Task brief -
Reproduce the listing below exactly. Pictures do not belong in the copy.

Dataset content -
-------------------------

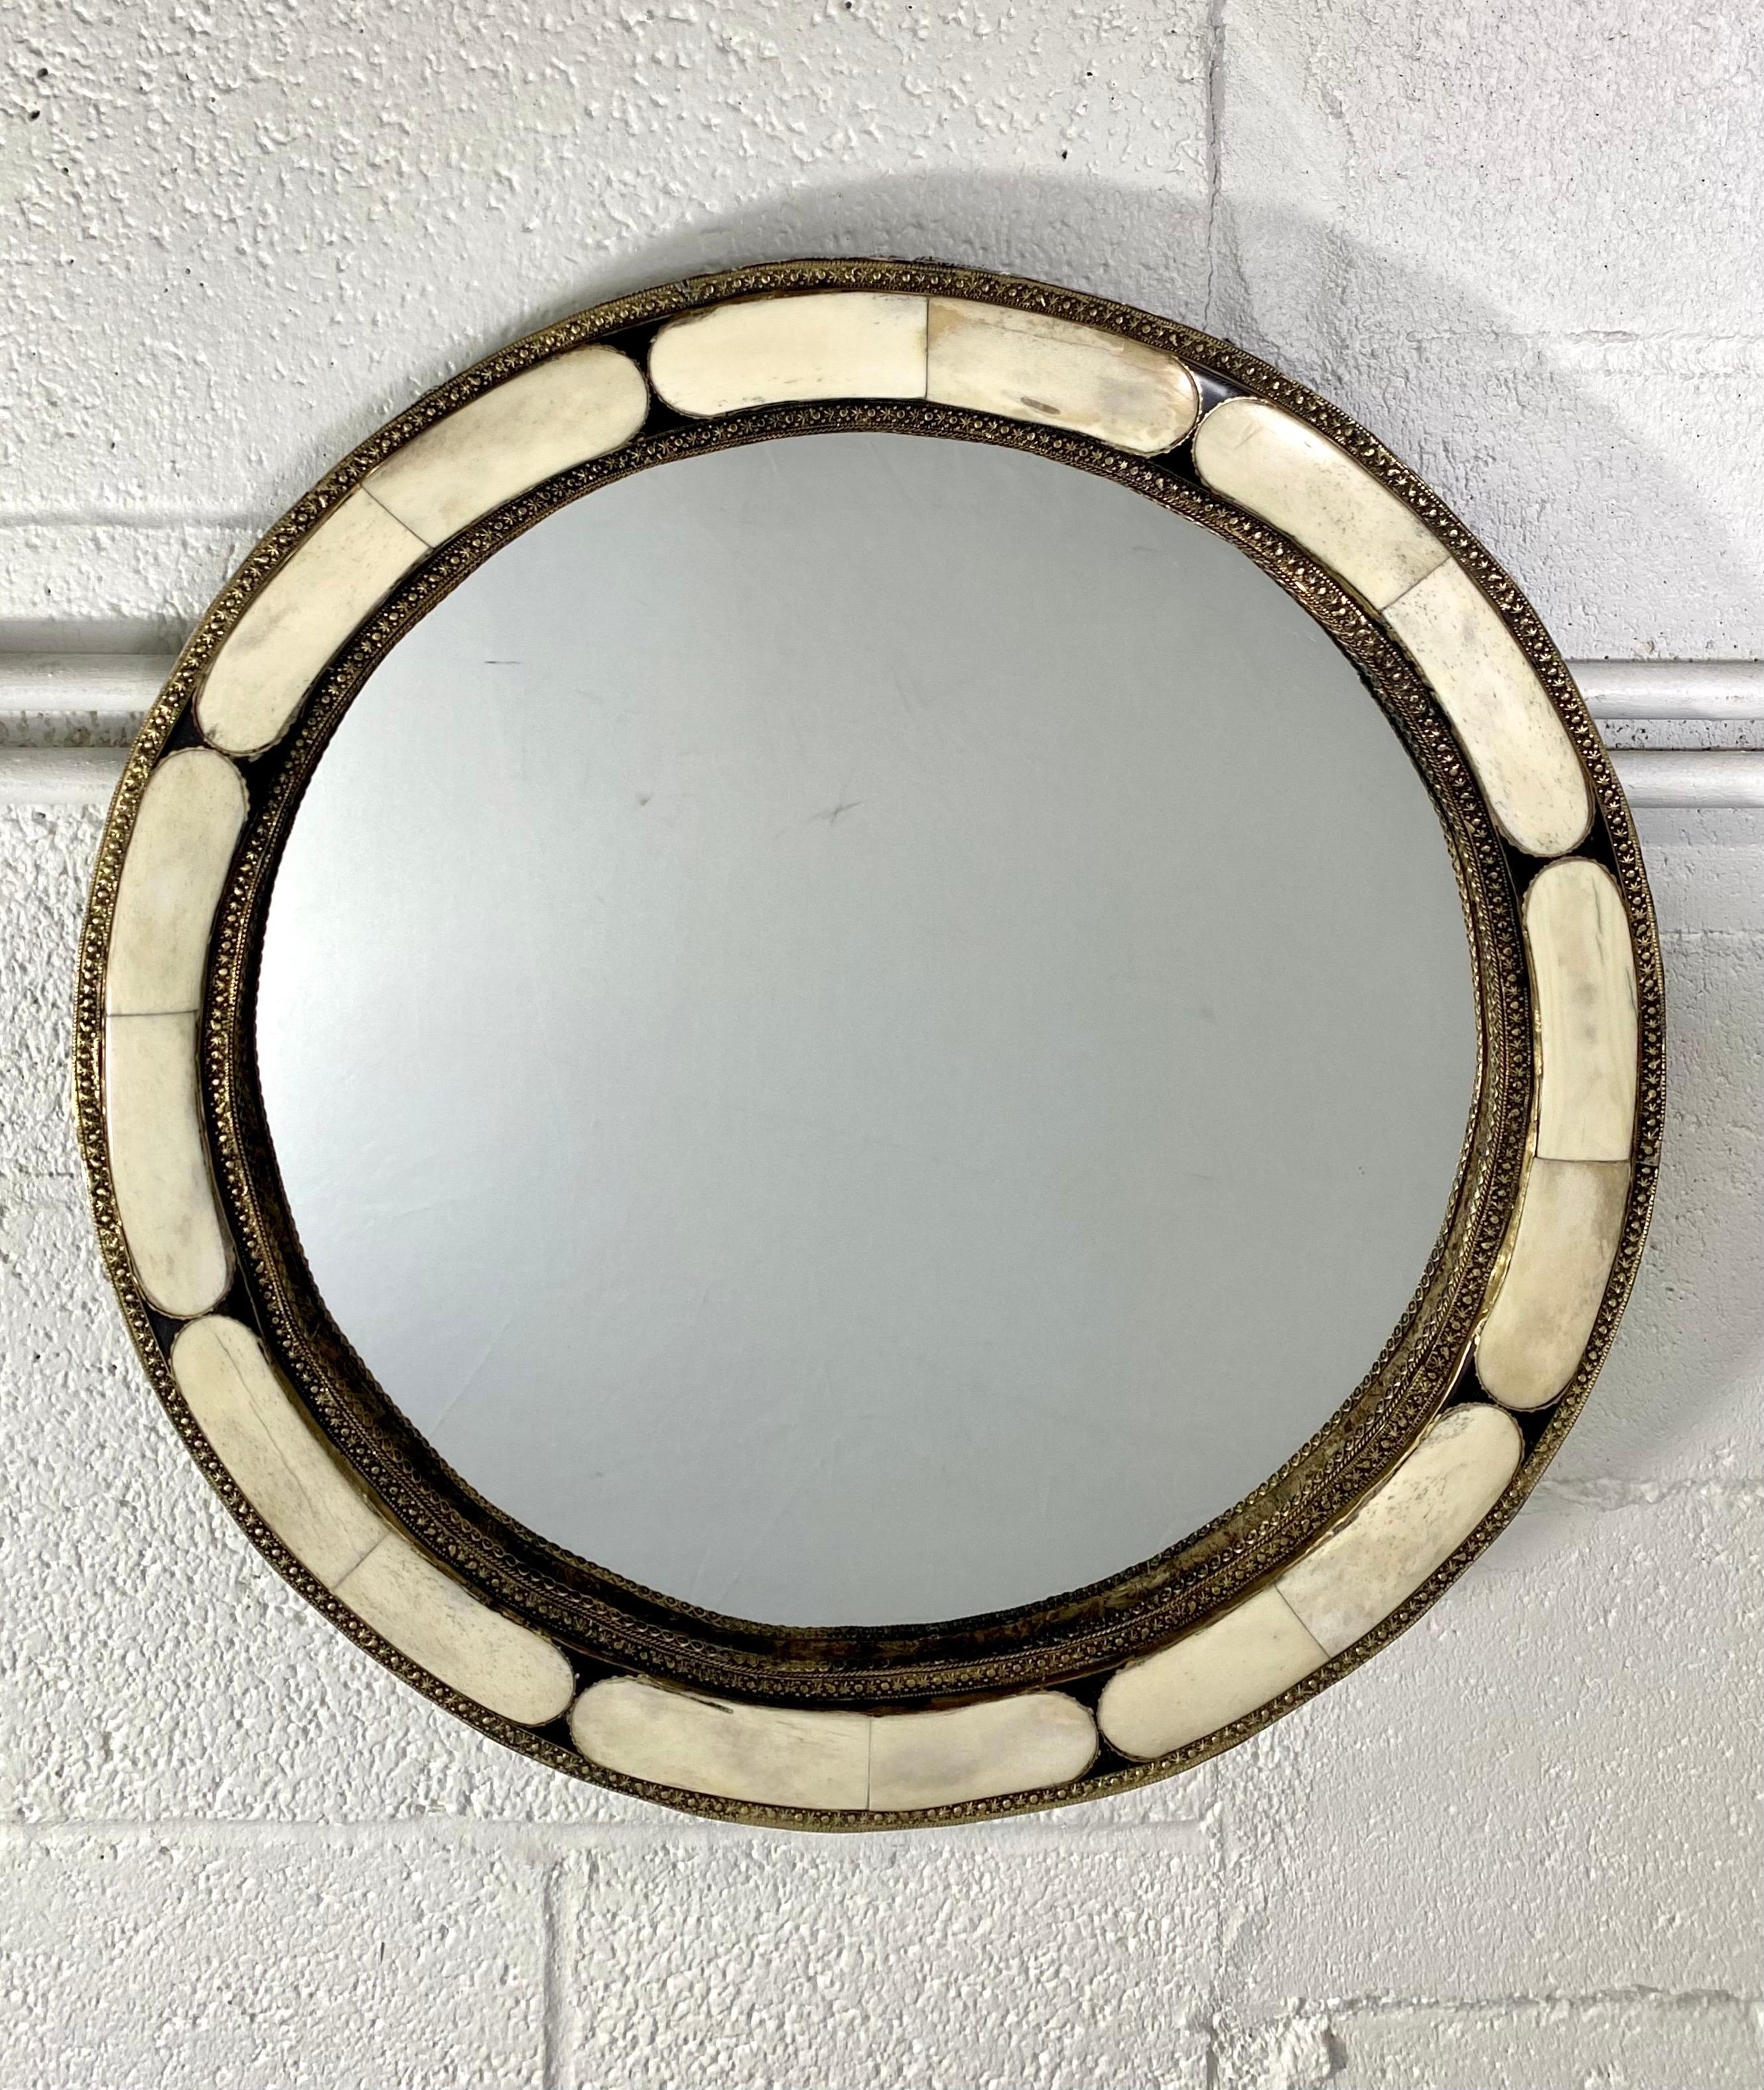 A stylish pair of White Round Mirrors in Hollywood Regency Style. Handcrafted with bone and brass inlay and featuring beautiful design elements, this exquisite pair of mirrors brings a sense of robust elegance to any space.

Dimensions: 20
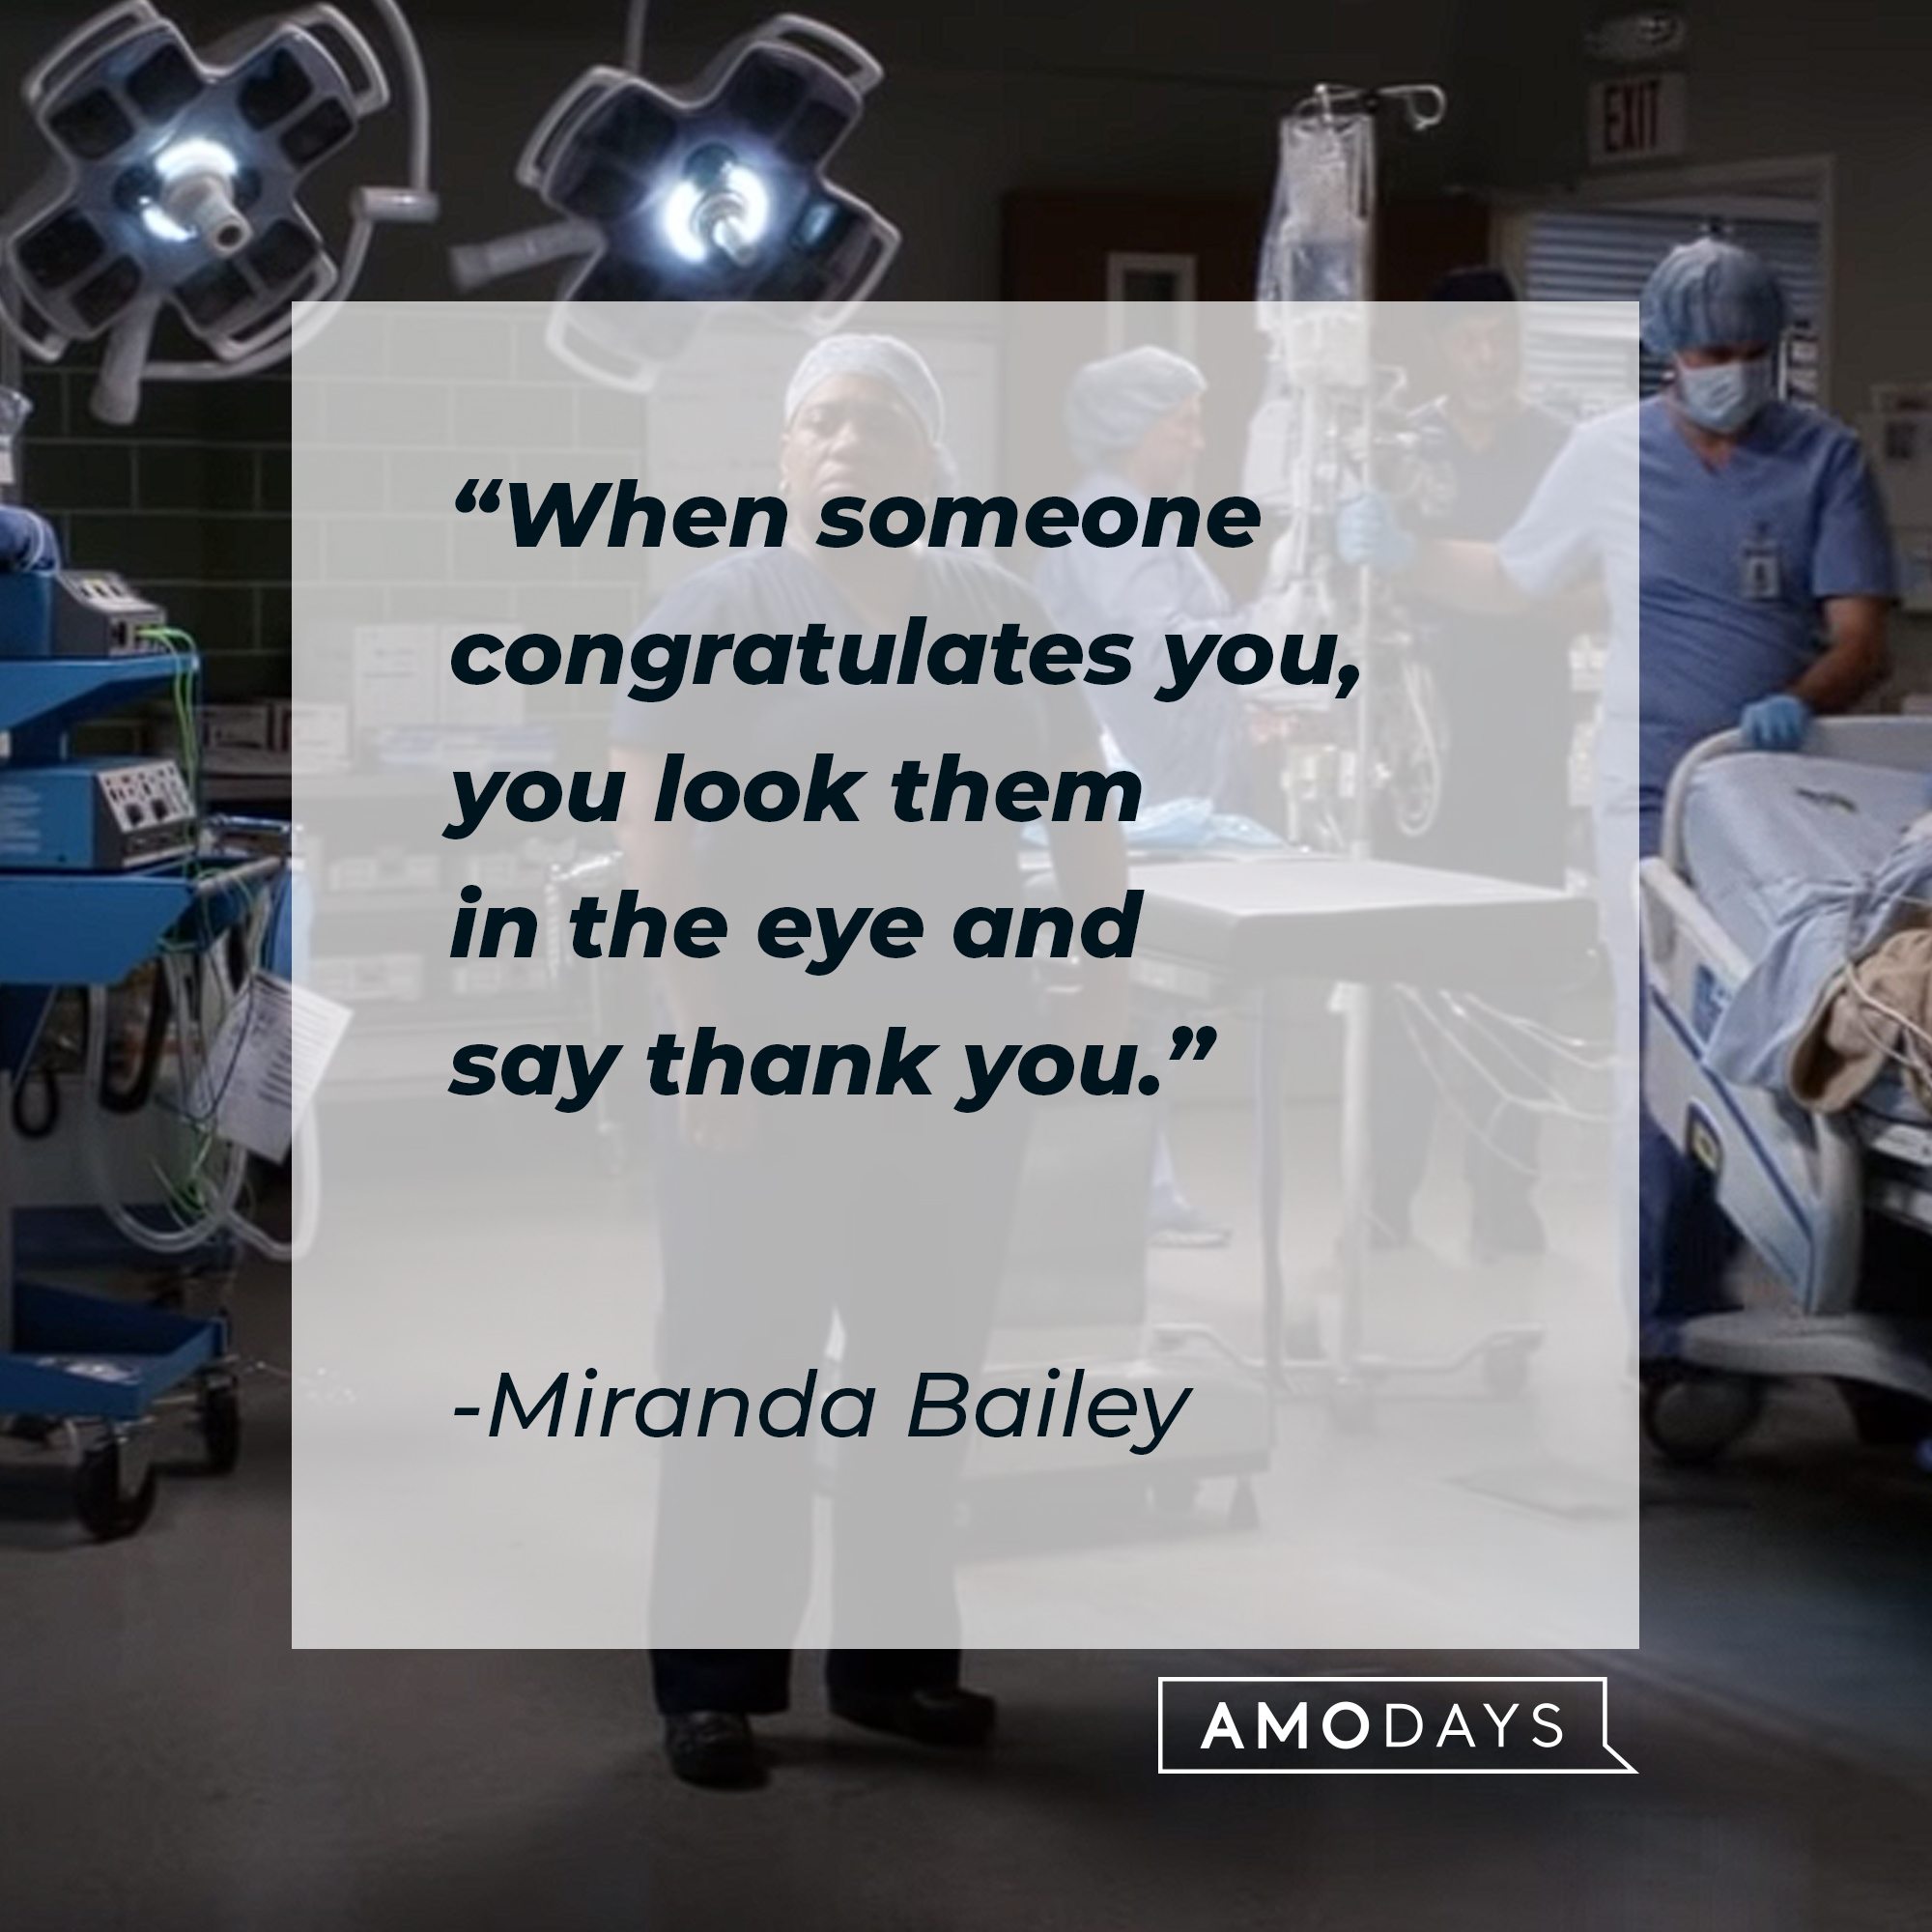 Miranda Bailey's quote: "When someone congratulates you, you look them in the eye and say thank you." | Source: youtube.com/ABCNetwork
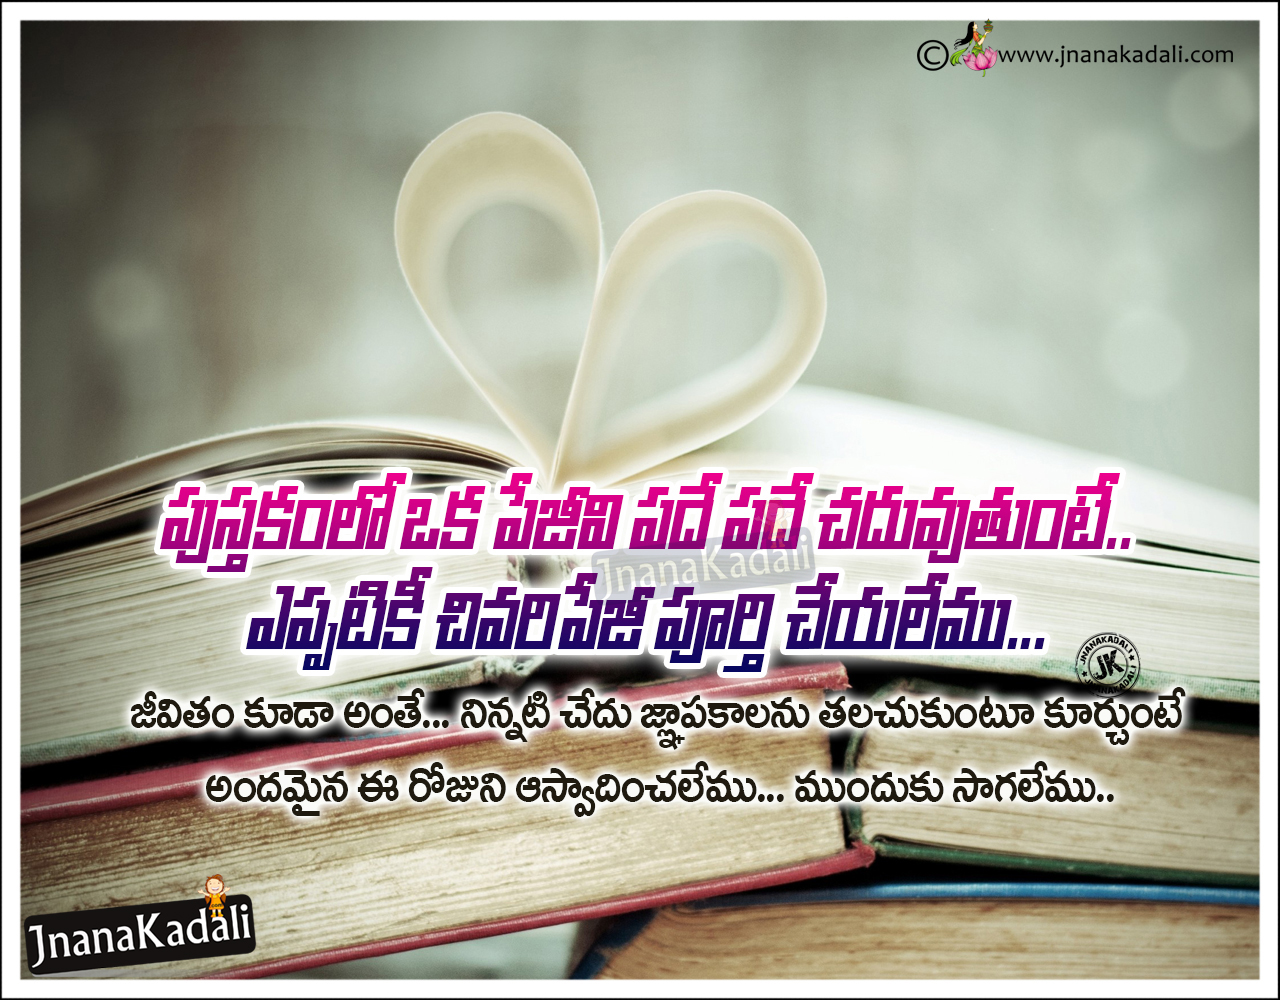 Life Quotes in Telugu Self Motivational Success Thoughts in Telugu Best 20 Ways to be Success Quotes in Telugu Telugu Success Messages

-------------------------

Task result -
 A stylish pair of White Round Mirrors in Hollywood Regency Style. Handcrafted with bone and brass inlay and featuring beautiful design elements, this exquisite pair of mirrors brings a sense of robust elegance to any space.

Dimensions: 20
 Miranda Bailey's quote: "When someone congratulates you, you look them in the eye and say thank you." | Source: youtube.com/ABCNetwork
 Life Quotes in Telugu Self Motivational Success Thoughts in Telugu Best 20 Ways to be Success Quotes in Telugu Telugu Success Messages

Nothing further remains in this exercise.